French President Emmanuel Macron has condemned anti-Semitic abuse directed towards a prominent intellectual by “yellow vest” protesters on Saturday.

“These abuses are the absolute negation of what makes France a great nation. We won’t tolerate them”, Macron said on Twitter.

Alain Finkielkraut was walking on the fringes of a demonstration in central Paris on Saturday when a group of “yellow vests” started insulted him with offensive remarks such as “dirty Zionist” and “France is ours” according to a video broadcast by Yahoo News.

“I felt absolute hatred and, unfortunately, this is not the first time,” the French writer and philosopher told the Sunday newspaper Le Journal du Dimanche. He expressed relief that police intervened.

Finkielkraut has expressed his solidarity and sympathy with the “yellow vest” protesters from the outset but in an interview published Saturday in Le Figaro, he criticised the leaders of the movement, saying “arrogance has changed sides”. 

Saturday’s incident triggered a wave of condemnation and messages of support for the philosopher. 

Interior Minister Christophe Castaner said it was “simply intolerable” while the leader of the Republican opposition party, Laurent Wauquiez, denounced the “abject idiots.”

Ian Brossat, chief French Communist Party candidate for the European Parliament, said “We can hate Finkielkraut’s ideas”, but “nothing can justify attacking him as a Jew”. 

Finkielkraut, who is seen as having pro-establishment beliefs, has since January 2016 been a member of the French Academy, the prestigious institution in charge of defining the French language.

Rising anti-semitism in France 

Sebastien Lecornu, the junior foreign minister, pointed the finger at “yellow vest” protesters for the latest offences.

The “yellow vest” protests began three months ago over fuel taxes but quickly grew into a broader anti-government rebellion fuelled by anger at Macron, with some using anti-Semitic tropes to refer to his former job as an investment banker.
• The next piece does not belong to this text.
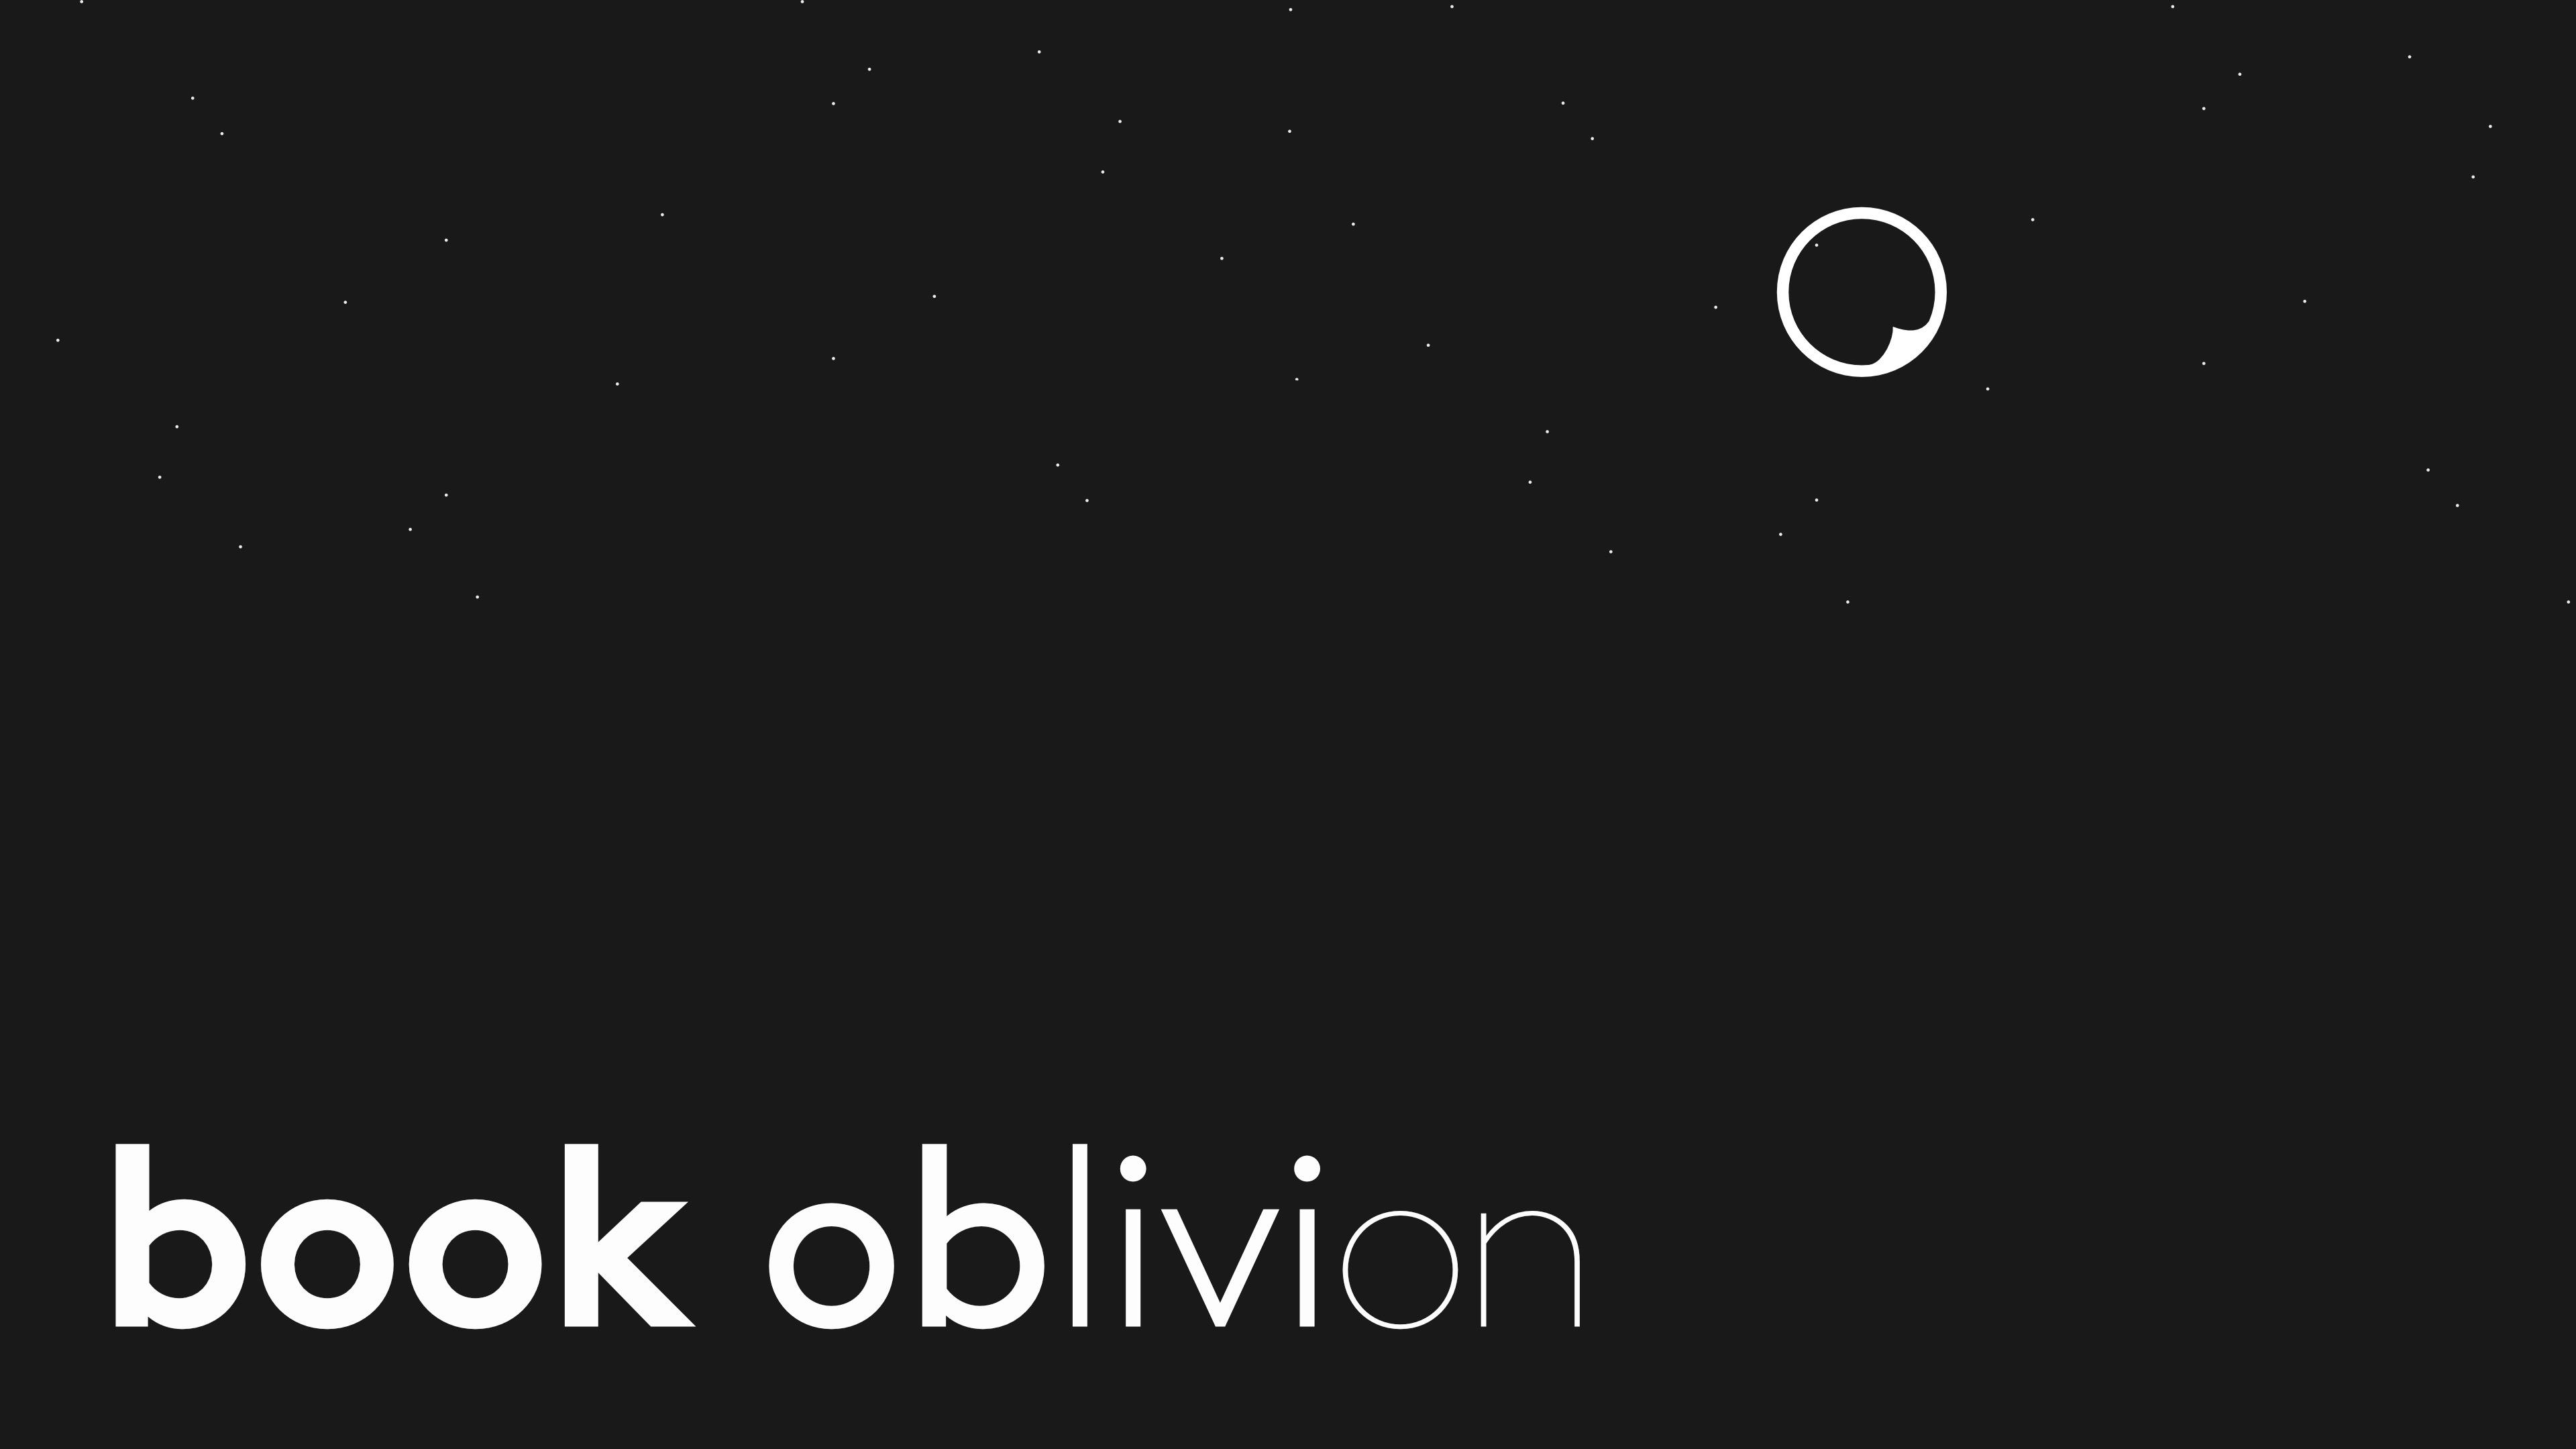 Book Oblivion
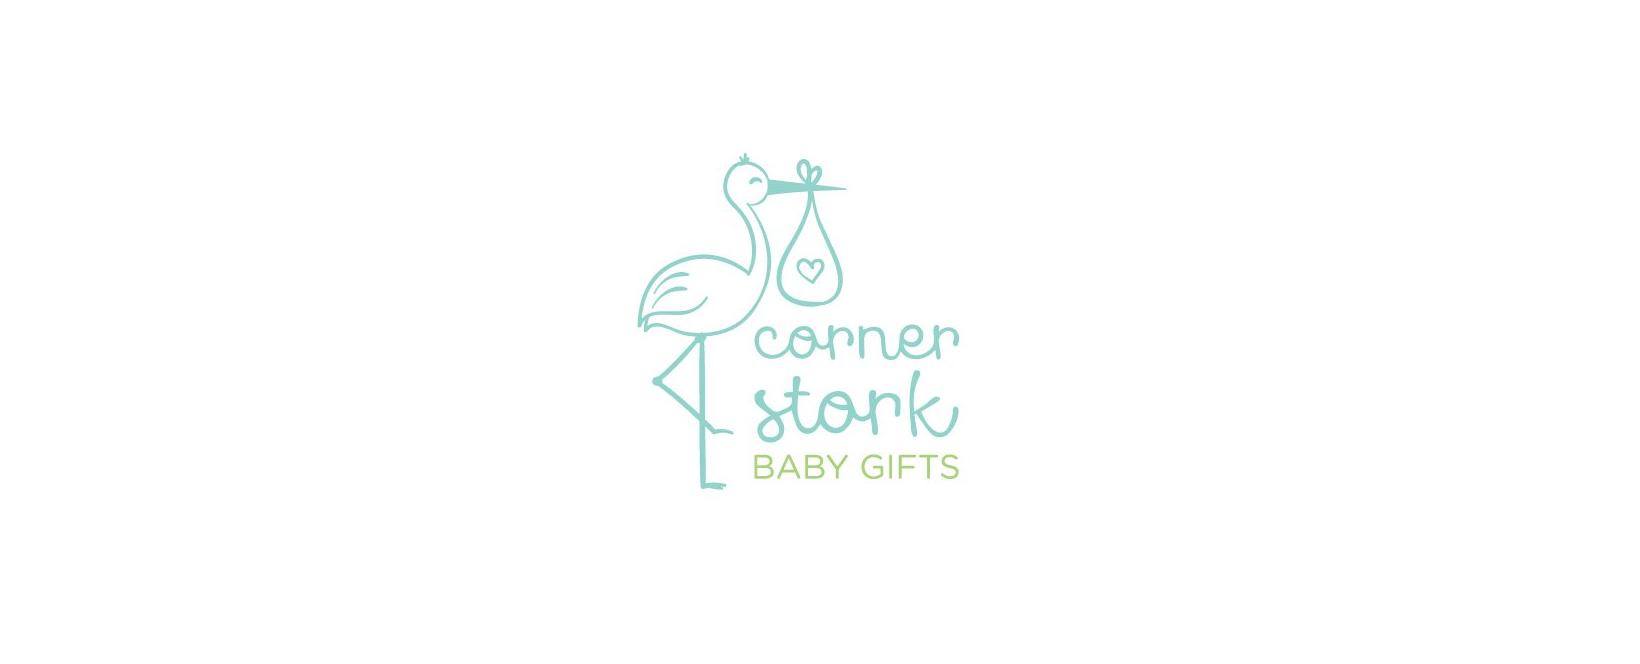 Corner Stork Baby Gifts Coupon Code 2021

“Conspiracy theorists are very present among their ranks,” Lecornu said, before referring to a survey released on Monday.

The Ifop poll said nearly half of the “yellow vests” believed in a worldwide “Zionist plot”, as well as the “Great Replacement” theory, which posits that immigration is being organised deliberately “to replace Europe’s native populations”.

But the rise in anti-Semitic acts in France predates the “yellow vest” demonstrations. A recent spate of anti-Semitic vandalism and graffiti in and around Paris has stoked fresh concerns about an increase in hate crimes against Jews. 

Fourteen political parties on Thursday launched a call for action against anti-Semitism after the interior ministry reported a 74 percent increase in anti-Jewish acts last year.

During the latest episodes, the memorial for Ilan Halimi, a young Jewish man who was kidnapped and killed in 2006, was desecrated when a tree planted in his memory was chopped down.

In addition, mailboxes decorated with portraits of the late Simone Veil, a Holocaust survivor and a European Parliament president who died in 2017, were daubed with swastikas.

The ‘yellow vest’ movement 

The “yellow vests” were protesting for the 14th consecutive Saturday, but according to French media quoting the interior minister, the number of people protesting across the country has decreased.

Around 41,500 protesters nationwide turned out Saturday, some 10,000 less than the previous week, with 5,000 in Paris.

In the capital, tensions mounted as the more than four-hour march ended at Les Invalides, with projectiles thrown at police, some by masked individuals dressed in black, a uniform for the ultra-leftist Black blocs.

Lines of riot police used tear gas and an impressive backup, a special horse brigade and water cannon – apparently not used – to force the agitated crowd to disperse.

The Paris prosecutor’s office said 15 people were detained for questioning, far fewer than the scores detained in earlier, larger demonstrations that degenerated into scattered rioting and destruction.

However, the increasingly divided movement is having trouble maintaining momentum and support from the public that initially massively backed protesters, polls showed.